There are methods to get the items (the pairs), the values, or the keys:

D.items()
dict_items([('c', 1), ('a', 3), ('b', 2)])
D.values()
dict_values([1, 3, 2])
D.keys()
dict_keys(['c', 'a', 'b'])

To return a sorted list of keys:

sorted(D)
['a', 'b', 'c']

You can create empty dictionaries:

E = {}
type(E)
dict

Dictionaries are mutable, so you can add, remove, or replace items.

Let’s add an item to our empty dictionary E:

E['author'] = 'Proust'
print(E)
{'author': 'Proust'}

We can add another one:

E['title'] = 'In search of lost time'
print(E)
{'author': 'Proust', 'title': 'In search of lost time'}

We can modify one:

E['author'] = 'Marcel Proust'
E
{'author': 'Marcel Proust', 'title': 'In search of lost time'}

Your turn:

Add a third item to E with the number of volumes.

We can also remove items:

E.pop('author')
print(E)
{'title': 'In search of lost time'}

or:

del E['title']
print(E)
{}

Dictionaries are declared in curly braces. They are mutable and unordered collections of unique key/value pairs. They play the role of an associative array.

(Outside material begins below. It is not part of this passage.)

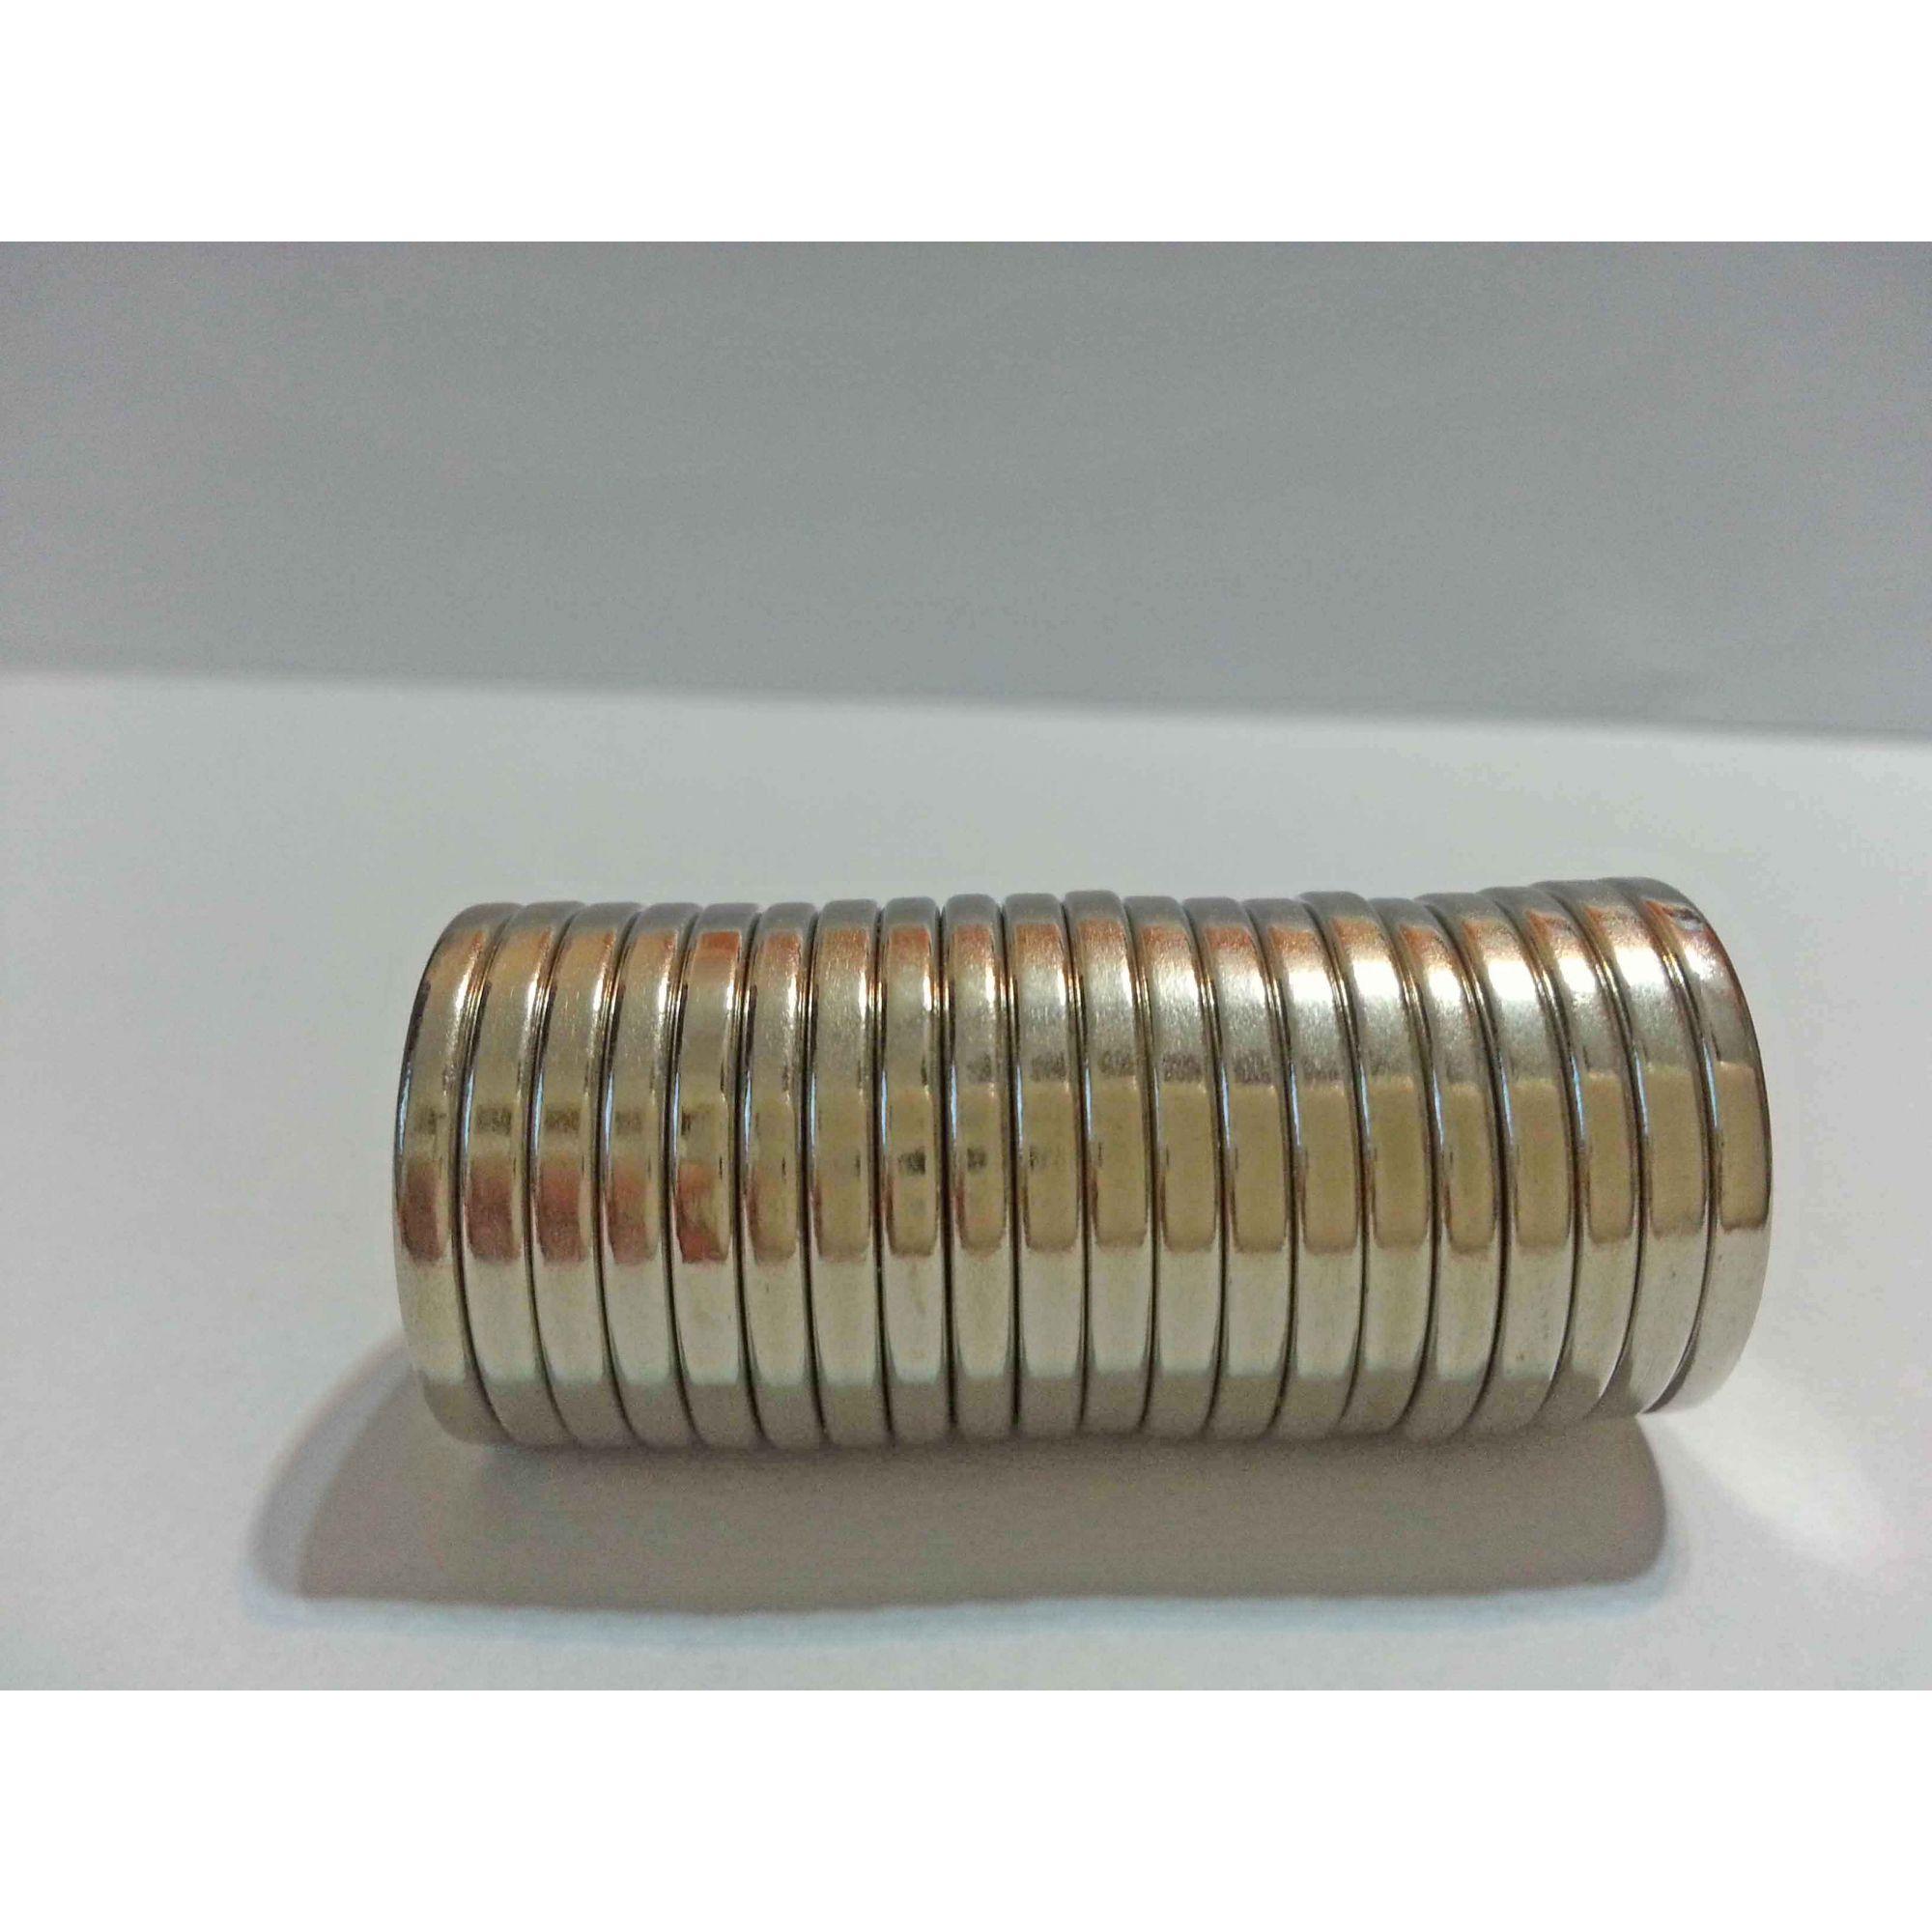 imã de neodímio 18mm x 2mm - 200 peças

Conversion between collections

From tuple to list:

list((3, 8, 1))
[3, 8, 1]

From tuple to set:

set((3, 2, 3, 3))
{2, 3}

From list to tuple:

tuple([3, 1, 4])
(3, 1, 4)

From list to set:

set(['a', 2, 4])
{2, 4, 'a'}

From set to tuple:

tuple({2, 3})
(2, 3)

From set to list:

list({2, 3})
[2, 3]

Collections module

Python has a built-in collections module providing the additional much more niche data structures: deque, defaultdict, namedtuple, OrderedDict, Counter, ChainMap, UserDict, UserList, and UserList.